Trino Custom Rules Extension Point¶
The Trino translation layer in trino/main.rego defines a trino.allow_custom rule that defaults to false. This is a Trino-specific extension point for adding your own authorization rules without modifying the built-in policies. To use it, create an allow_custom.rego file in the policies/trino/ directory with rules that set allow_custom to true for the Trino operations you want to allow.

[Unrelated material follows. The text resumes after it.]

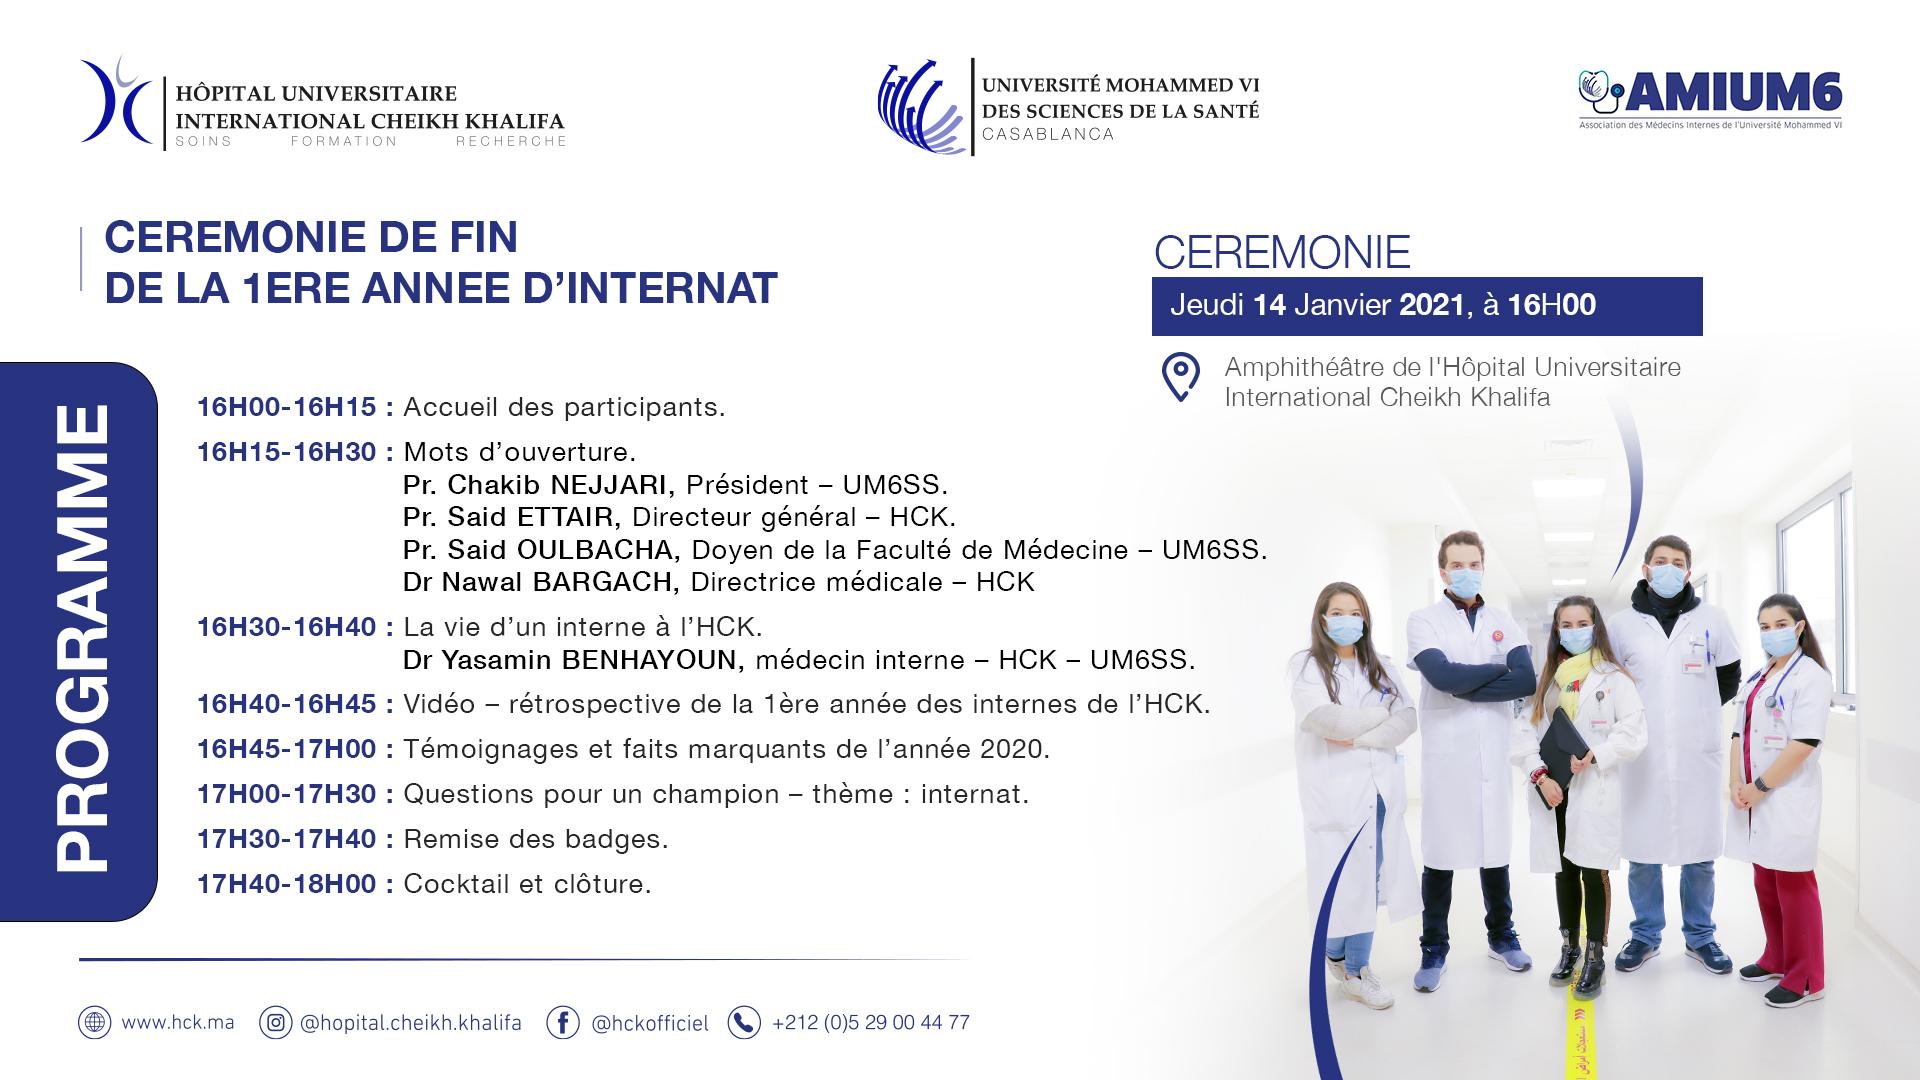 Programme_-_Ceremonie_-_14_janvier_2021

To use it, create policies/trino/allow_custom.rego in the trino package and define allow_custom rules for the Trino operations you need. Custom rules bypass Lakekeeper's permission system, so review them carefully.
Context Forwarding¶
The OPA bridge forwards resource names to Lakekeeper's batch-check API for create actions. This enables Lakekeeper's authorizer (e.g. Cedar) to make authorization decisions based on the name of the resource being created:
| Trino Operation | Lakekeeper Action | Name Forwarded |
|---|---|---|
CreateSchema (top-level) |
create_namespace (warehouse) |
Schema name |
CreateSchema (nested) |
create_namespace (parent namespace) |
Child schema name |
CreateTable |
create_table (namespace) |
Table name |
CreateView / CreateMaterializedView |
create_view (namespace) |
View name |
Properties specified during creation (e.g. WITH (format='PARQUET')) are also forwarded.
A full self-contained example is available on GitHub.